Para ele, escaladas verbais como a desencadeada por Trump trazem grande risco. “A gente não sabe onde isso vai parar. Já ouvimos muitas vezes de terceira guerra e nunca aconteceu, graças a Deus.”

A crise começou com o envenenamento do ex-espião russo Sergei Skripal e sua filha, Yulia, na Inglaterra, no início de março. "Pode ter sido feito por um serviço secreto ocidental. Não estou afirmando, mas pode ter sido", diz. A escalada chega agora a uma nova acusação, desta vez contra a Síria, aliada da Rússia. EUA, França e Reino Unido acusam o governo de Bashar al-Assad de usar armas químicas. Trump ameaça atacar o país árabe.
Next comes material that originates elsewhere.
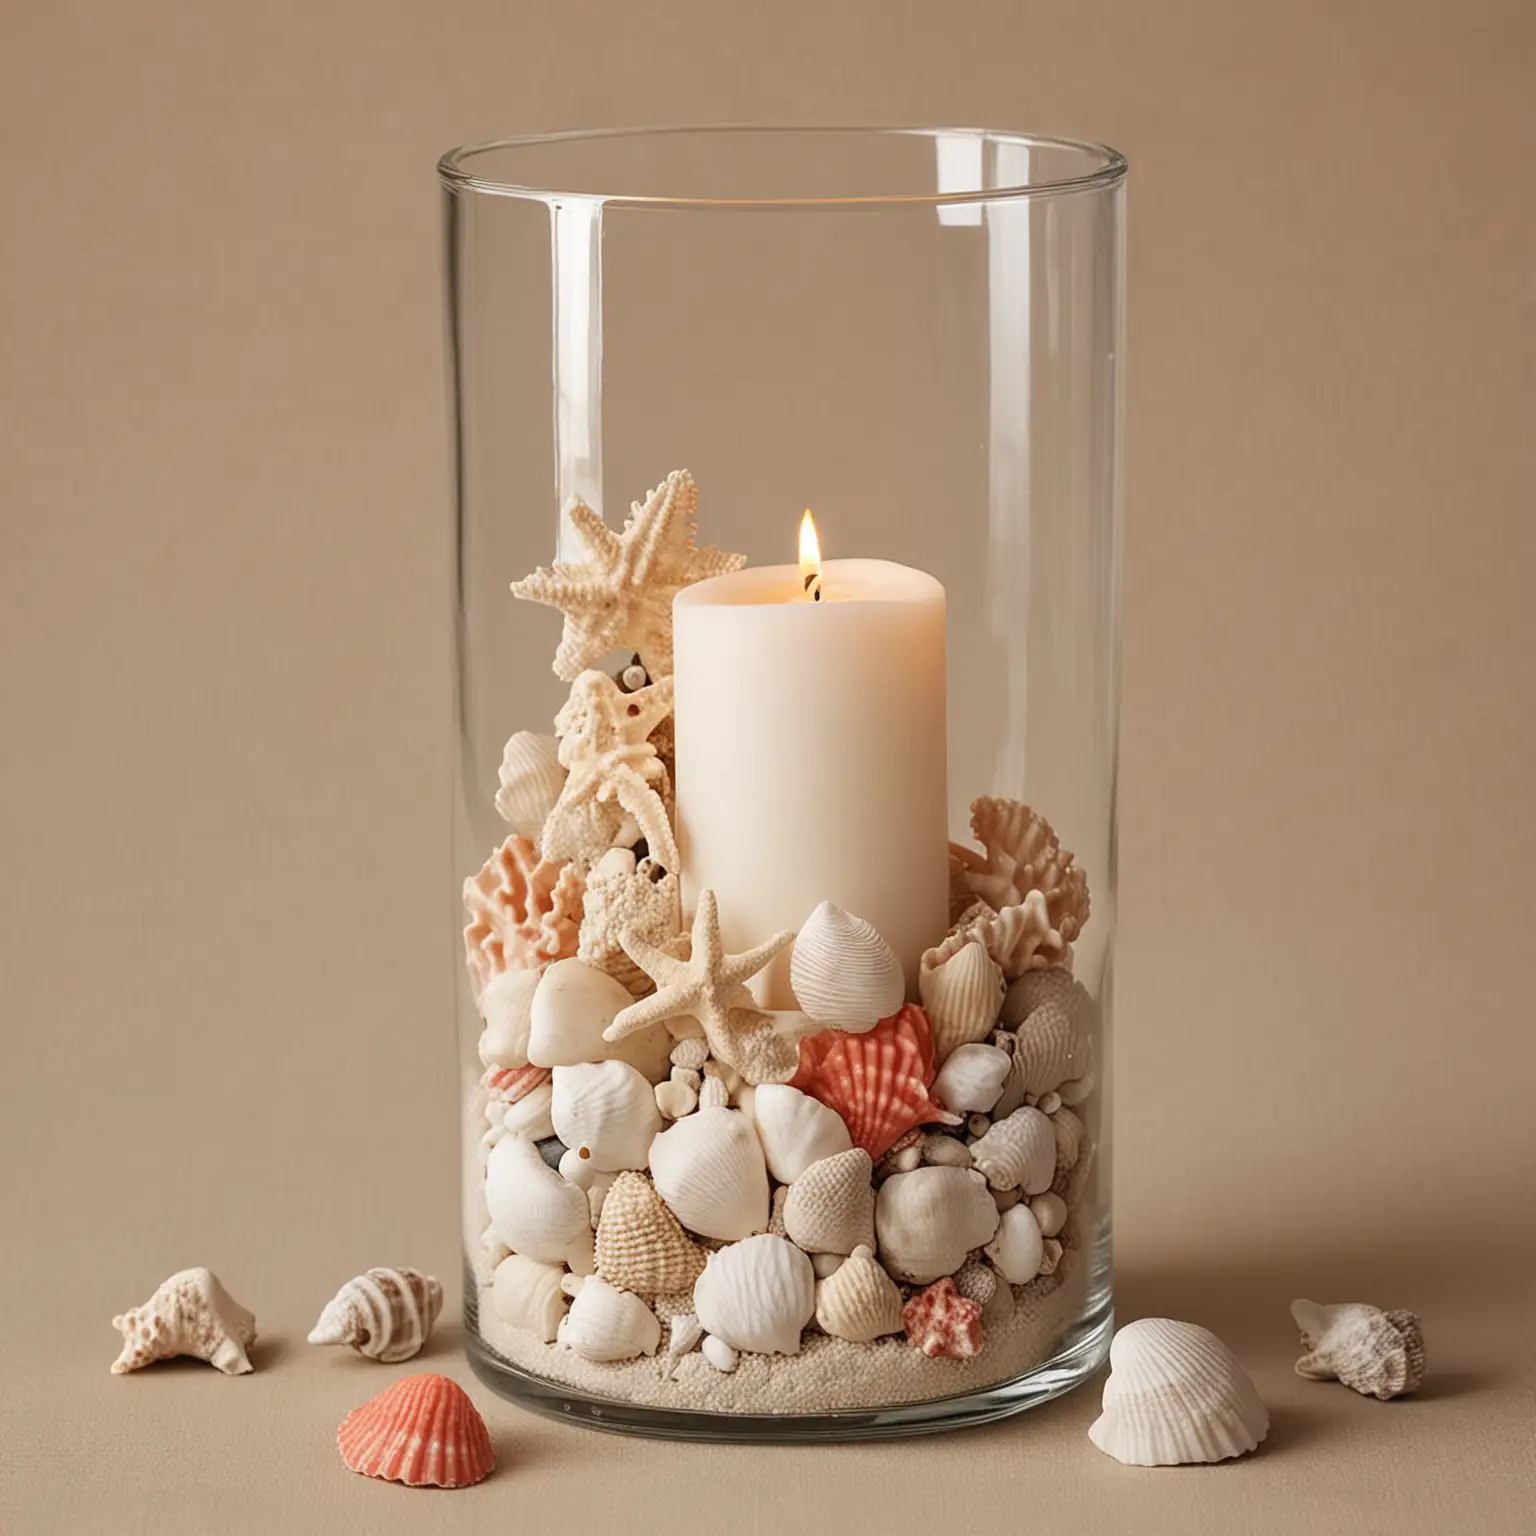 DIY-Wedding-Centerpiece-Cylinder-Vase-with-Sand-Seashells-and-Coral

“Terceira guerra mundial seria um suicídio global. Então, espero que não se chegue lá. Pode haver um outro tipo de conflito mais localizado, indireto”, avalia o ex-chanceler brasileiro.

Sobre as especulações de que a aeronave americana apelidada de “Dia do Juízo Final” estaria em pleno voo, Amorim diz que não há, no momento, como saber se a informação é real. “Se é verdade, é muito arriscado. Se ela entra num espaço aéreo e atiram contra ela, por exemplo. As coisas ficam imprevisíveis. Não acho que haja a intenção de desencadear um conflito global, mas as ameaças às vezes fogem do controle. Pode-se chegar a um ponto em que um pequeno erro pode ocasionar um conflito.”